Quel joie que de vivre avec frugalité, de développer son appréciation pour chaque petite chose, de se contenter de peu mais du meilleur à la fois, vivre avec moins est un art et quiconque apprend à se satisfaire de presque rien vit rarement dans le manque. 

 

Apprendre à soustraire ses désirs et se satisfaire que de l’essentiel prends du temps et de la pratique, mais qu’est-ce que quelques années de rigueur à côté d’une vie satisfaisante jusqu’à la fin?

 

Quel bonheur que de partir en voyage avec un seul sac sur le dos et réaliser qu’on a besoin de rien de plus que ça. Quel bonheur que ce sentiment d’être vivant en se réveillant dans une tente au pied d’une montagne ou au sommet d’une falaise. Et cette harmonie avec la nature que l’on ressent quand on plonge dans un lac frais nappé d’une brume dansante aux petites heures du matin ou cette connexion avec l’océan, face à ses vagues qui déferlent d’un bruyant grondement ou encore la douceur des pages d’un roman et la chaleur d’un café & d’un feu de foyer ces matins d’hiver. 

 

Le bonheur est simple. Si simple…

 

Je bois mon thé, je mange mon riz. Je passe le temps comme il vient, admirant le torrent qui coule plus bas et regardant là-haut les montagnes. Ah que de liberté, que de paix! 
- Un taoïste  

 

Cela demande beaucoup de pratique d’arriver à vivre en toute simplicité dans une société où l’on nous répète sans cesse que le bonheur se trouve dans les objets. Nous sommes enchaînés par des contrats de cellulaire de plusieurs mois, des paiements de voiture mensuels, une carte de crédit et une hypothèque à payer chaque mois. Nous sommes conditionnés à dépenser des sommes que nous ne possédons pas, à payer ‘’plus tard’’ pour nos désirs immédiats plutôt que d’être patients et d’attendre de pouvoir s’offrir quelque chose.  

 

Mais qui est le plus riche?

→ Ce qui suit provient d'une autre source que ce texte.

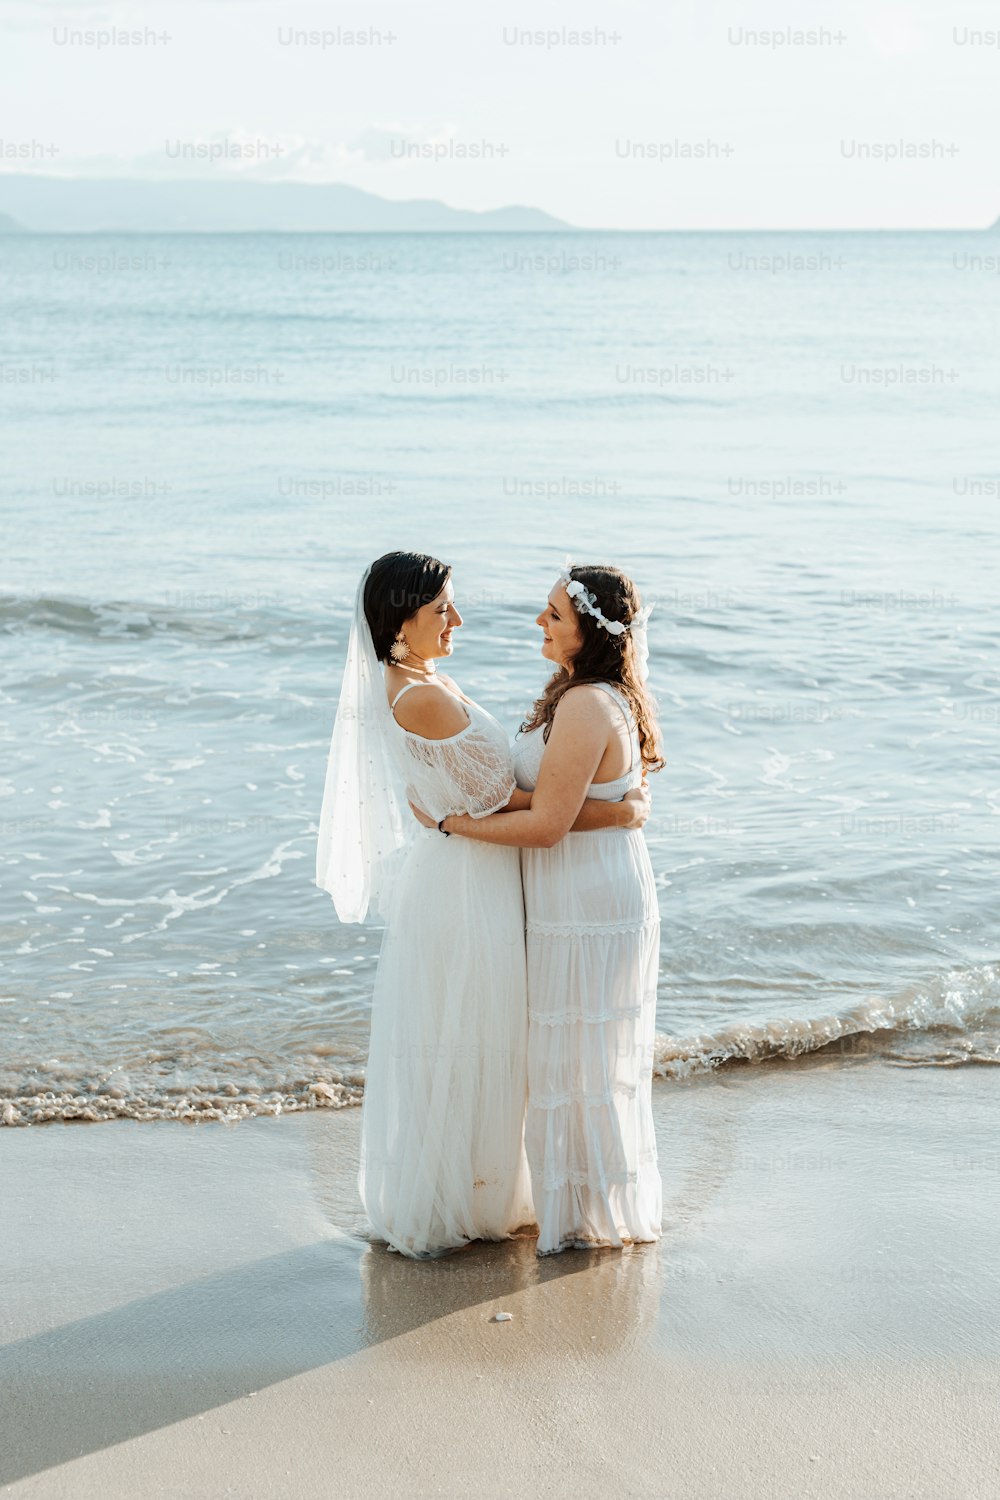 Un par de mujeres de pie una al lado de la otra en una playa

Celui qui n’a pas trop de moyens et doit penser à payer chaque mois son 4x4 de l’année ou celui qui se contente d’une voiture usagée en bonne condition mais qui est libre de soucis & bénéficie d’un esprit tranquille? Est-ce celui qui a besoin de beaucoup pour être comblé ou celui qui se satisfait de peu? Est-ce celui dont la maison est remplie d’objets ou celui dont le boudoir n’abrite qu’une table à café & une plante verte?

 

L’espace. 

Le temps. 

L’esprit en paix.

N’est-ce pas là de grandes richesses? Je vous pose la question.

 

L’argent est une énergie que nous laissons malheureusement fuir à cause du manque de lucidité causé par le mauvais contrôle de nos impulsions. Faites de l’argent votre esclave, et non votre maître.
-Dominique Loreau

 

Désirer moins pour profiter plus. Désirer moins pour être plus libre, pour ne pas dépendre d’autrui ou d’une situation extérieure pour être heureux. Désirer moins pour vivre en paix, pour dépenser moins et devenir indépendant financièrement. Désirer moins pour avoir plus de temps, pour apprendre à être satisfait de ce que l’on a. 

 

Désirer moins & vivre ce qui est présent, aujourd’hui, là, maintenant. 

 

Qui sait se satisfaire de peu, vit dans l’abondance, car le peu ne manque jamais.